══ MATERIAL SHOWN

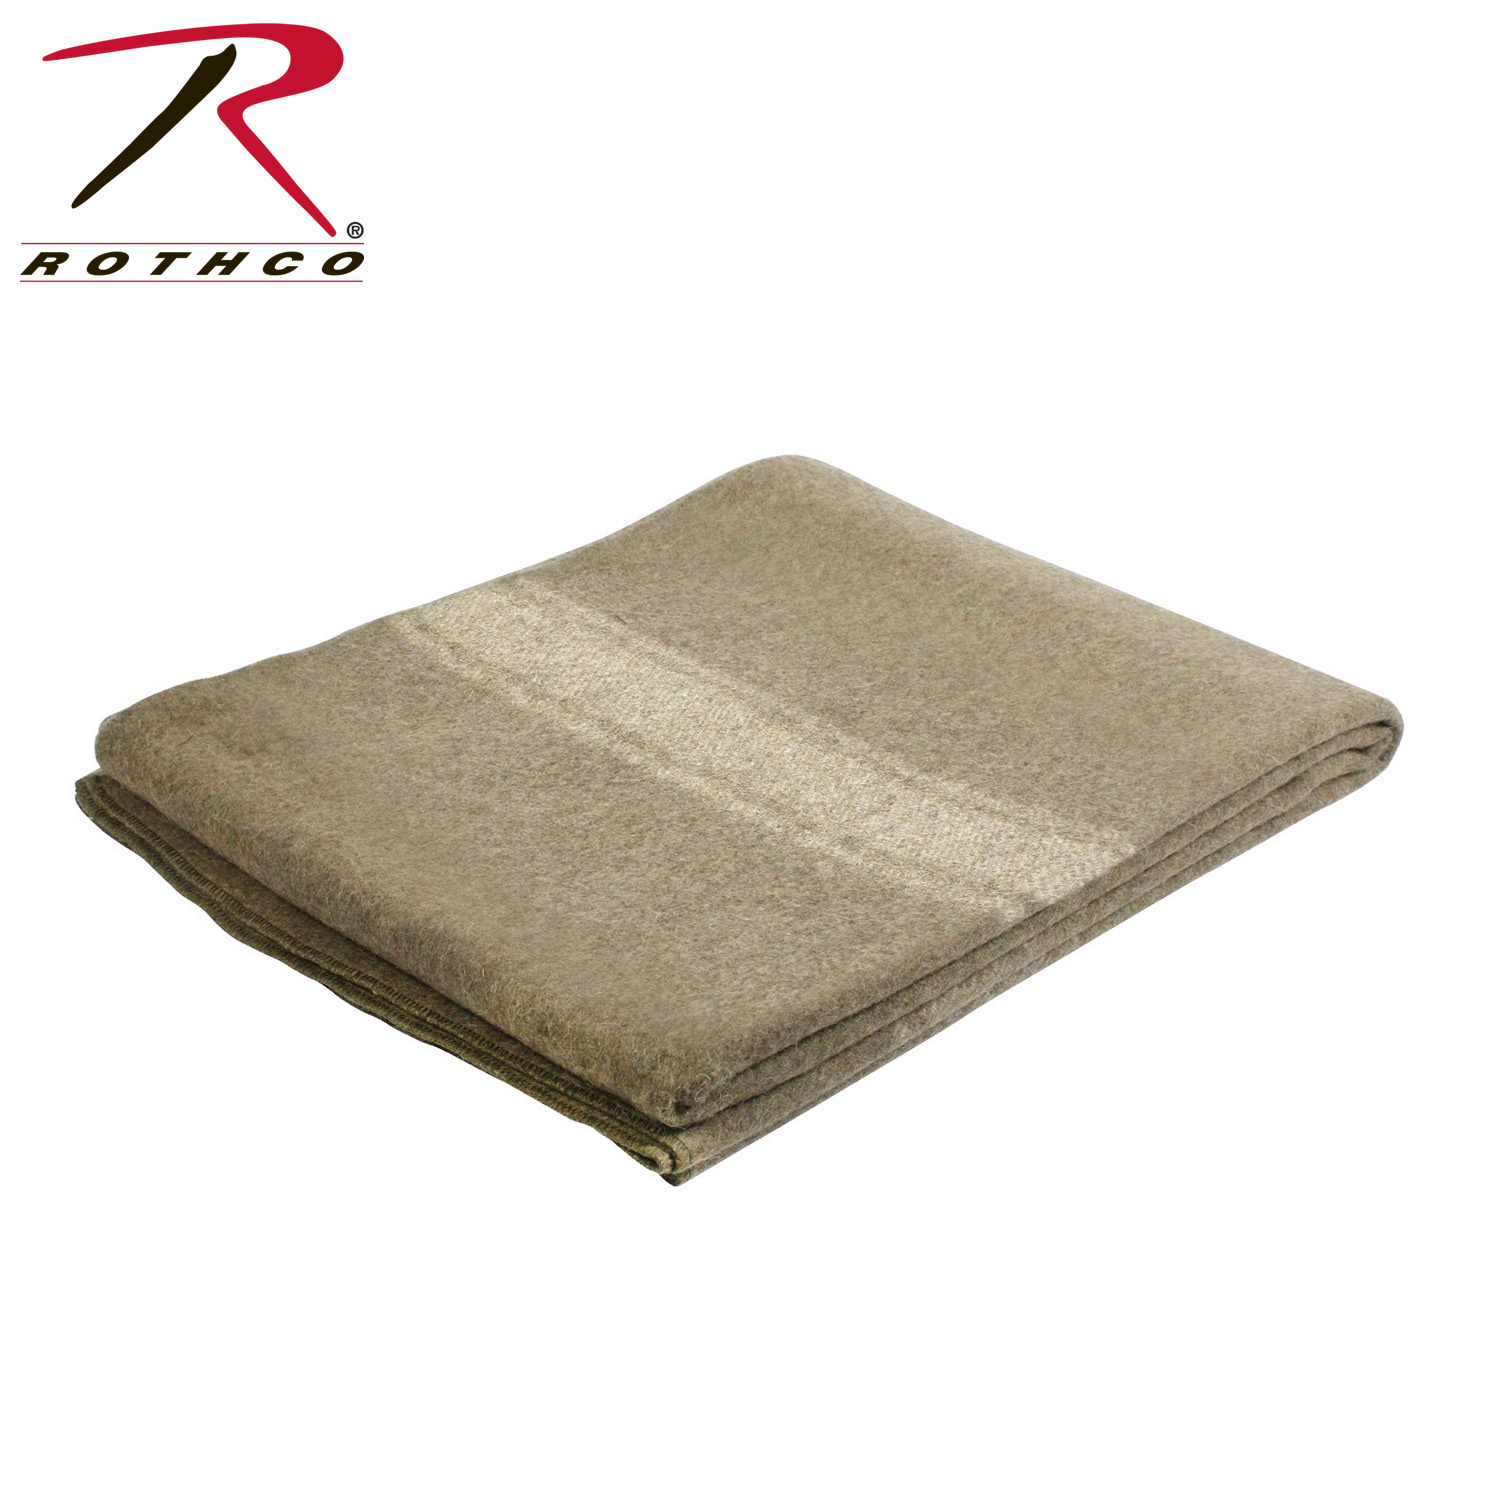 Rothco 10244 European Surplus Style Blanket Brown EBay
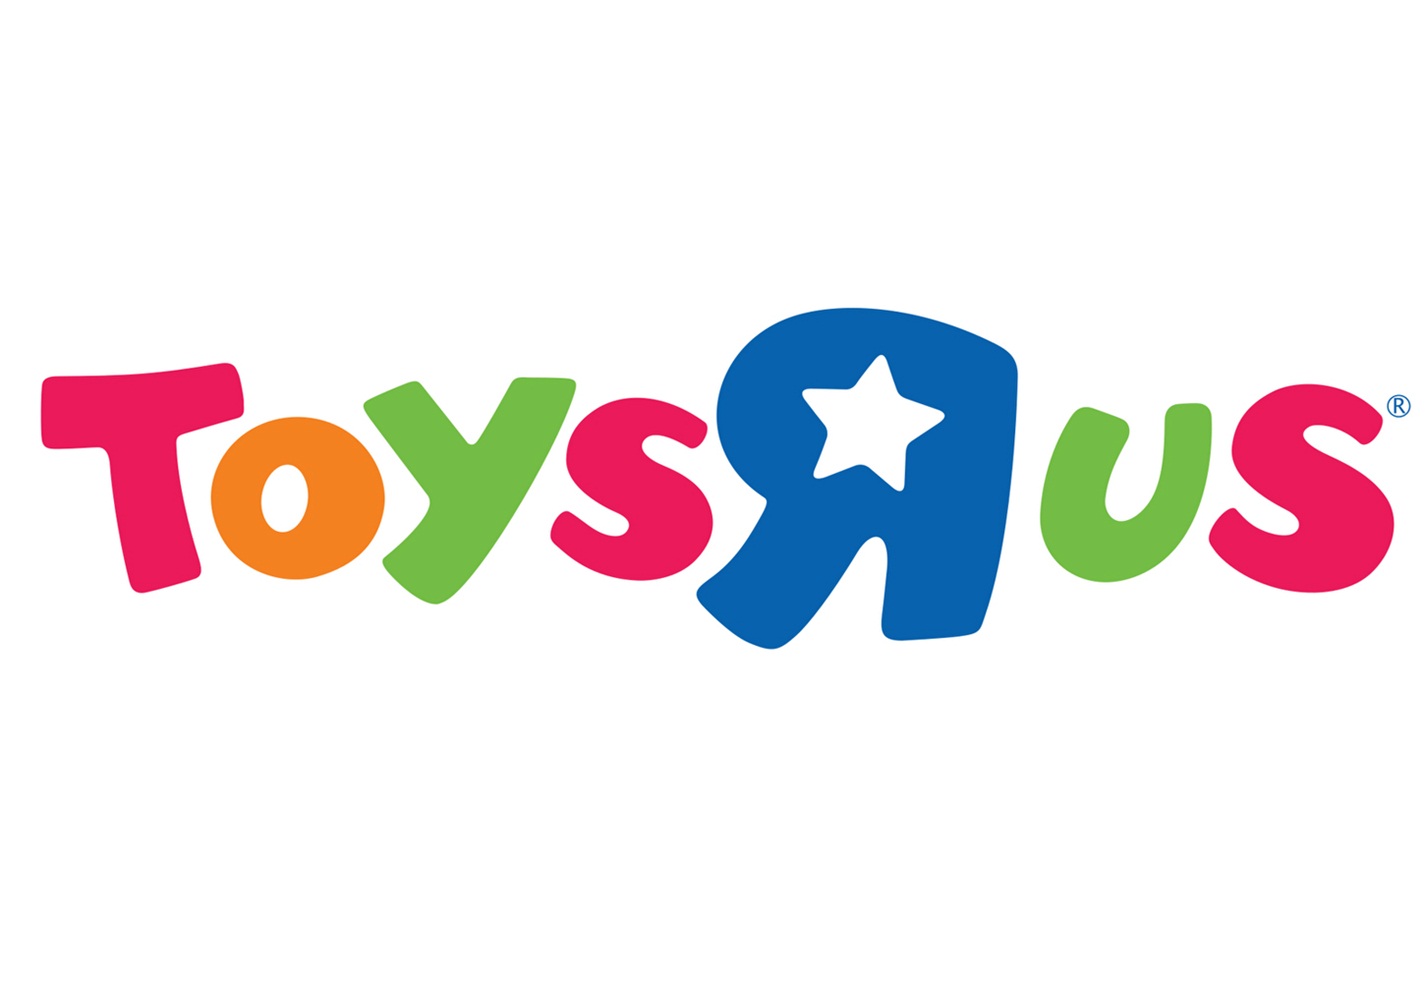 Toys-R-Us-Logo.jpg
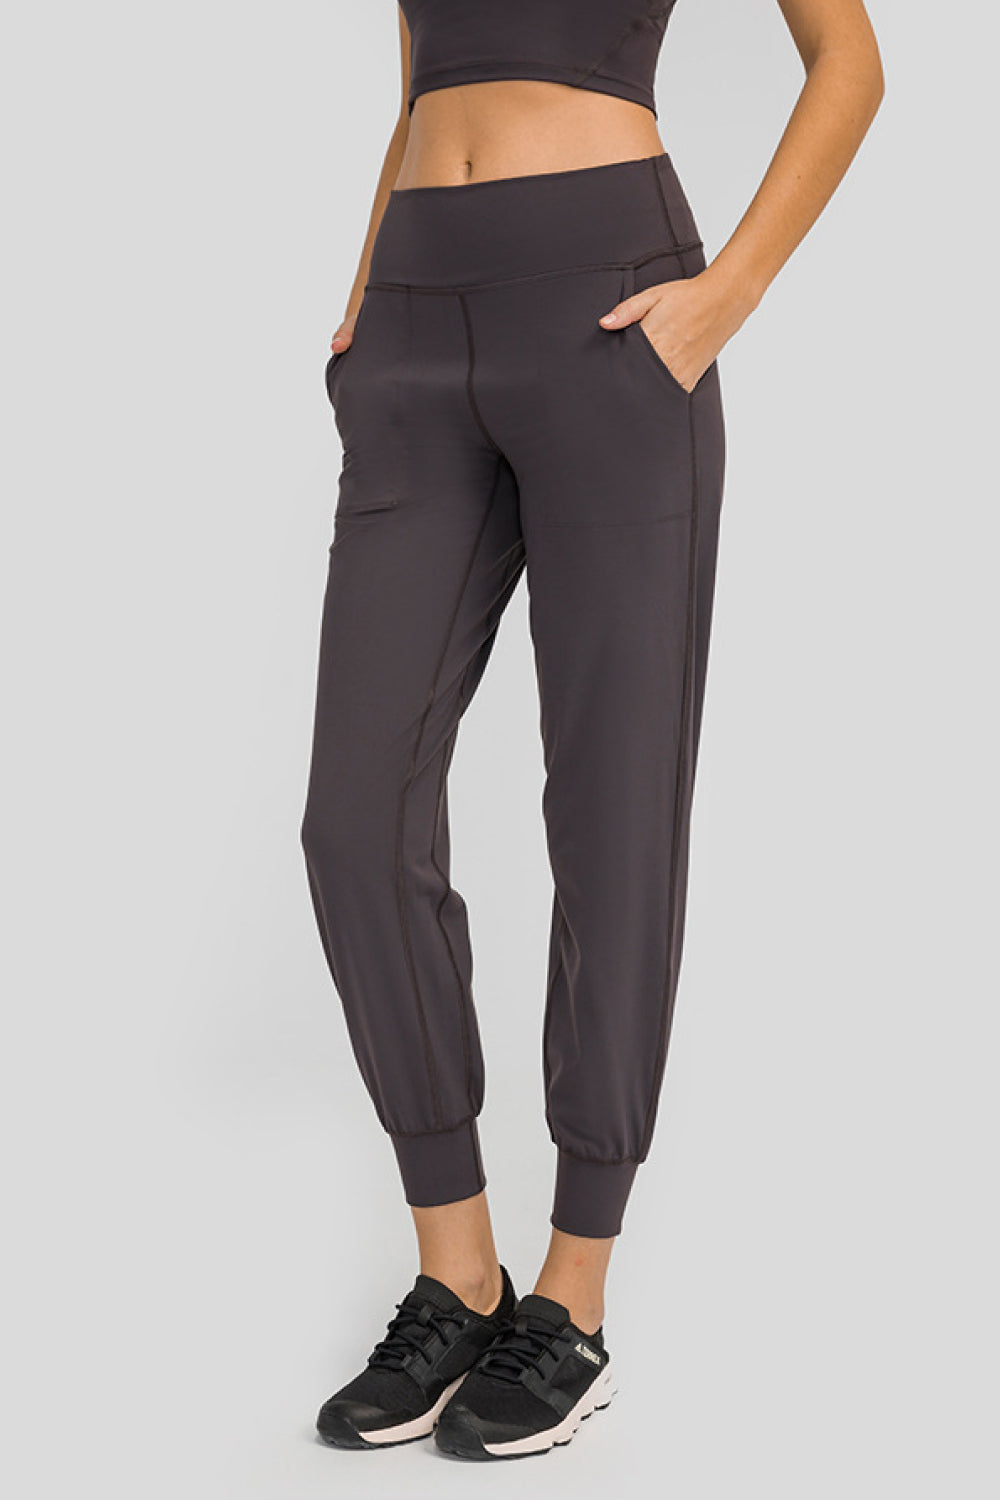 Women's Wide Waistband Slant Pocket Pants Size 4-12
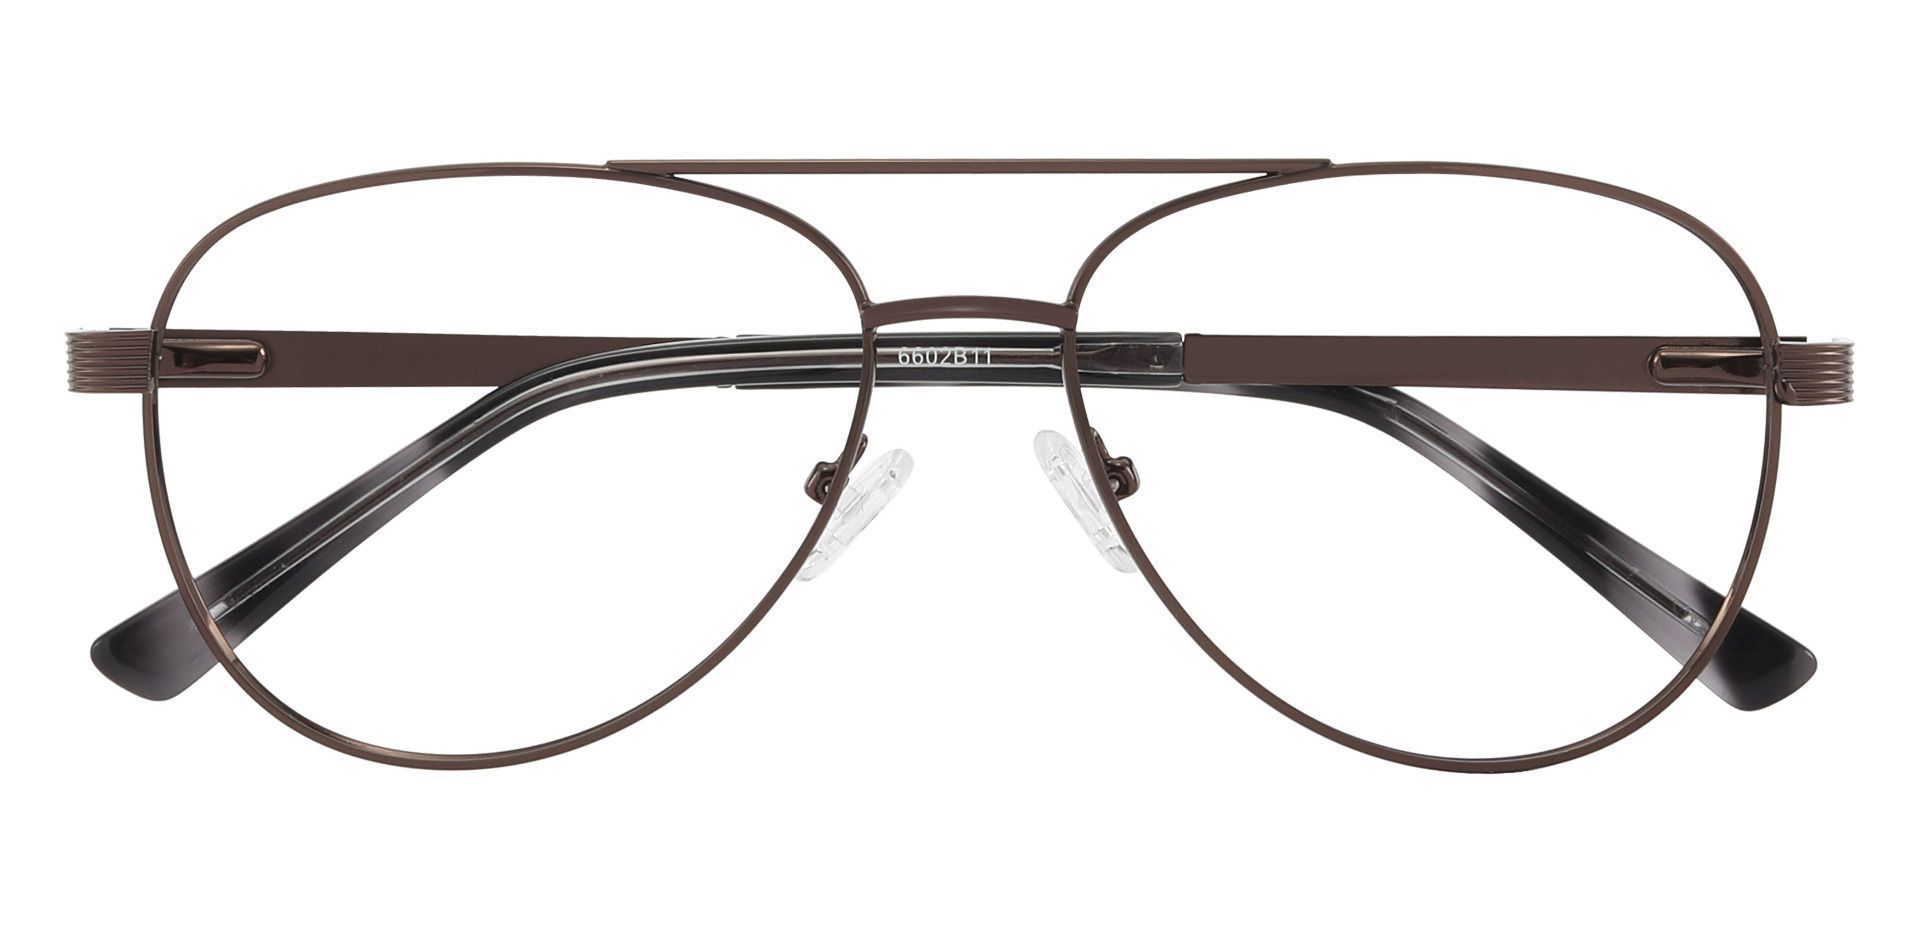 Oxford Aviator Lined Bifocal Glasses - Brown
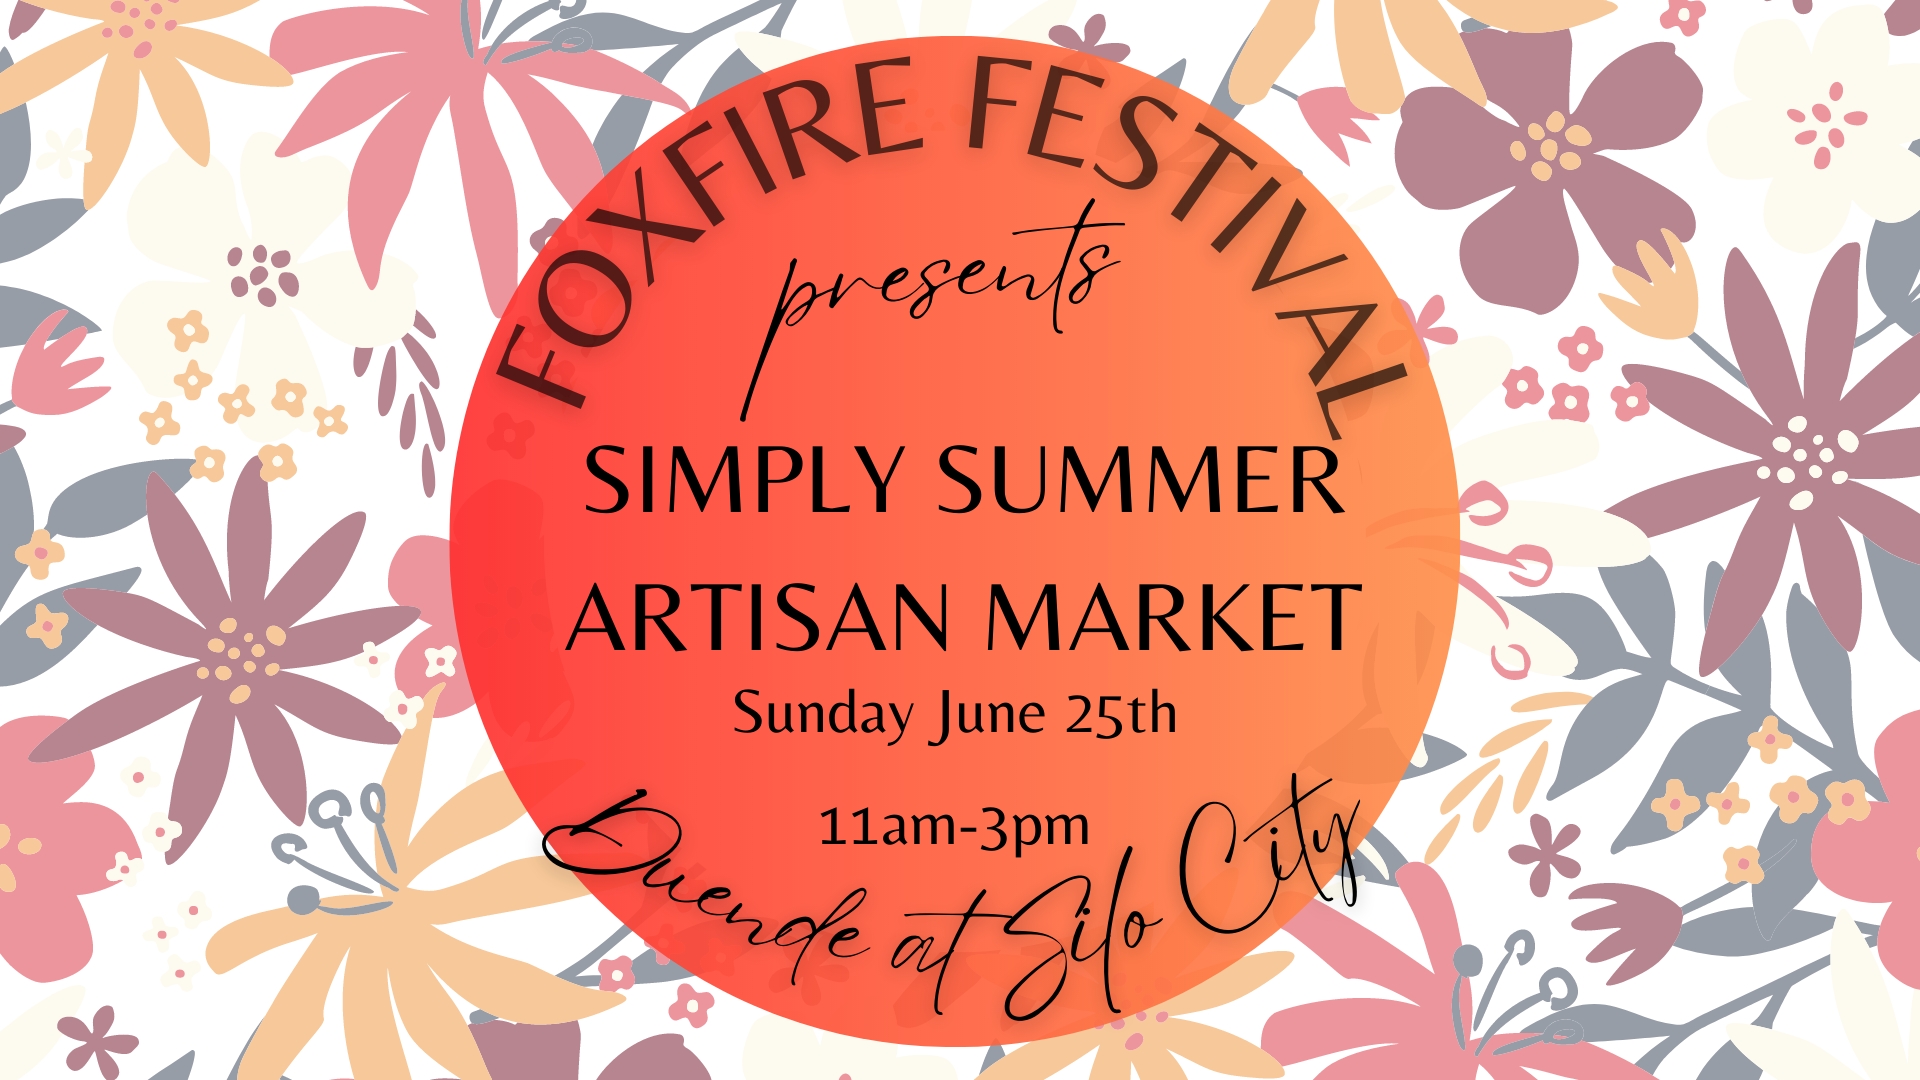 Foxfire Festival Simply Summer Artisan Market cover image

════

• [PROBLEM]:
Give back every entry verbatim. No pictures belong in the copy.

• [SOLUTION]:
 Rothco 10244 European Surplus Style Blanket Brown EBay
 Toys-R-Us-Logo.jpg
 Women's Wide Waistband Slant Pocket Pants Size 4-12
 Oxford Aviator Lined Bifocal Glasses - Brown
 Foxfire Festival Simply Summer Artisan Market cover image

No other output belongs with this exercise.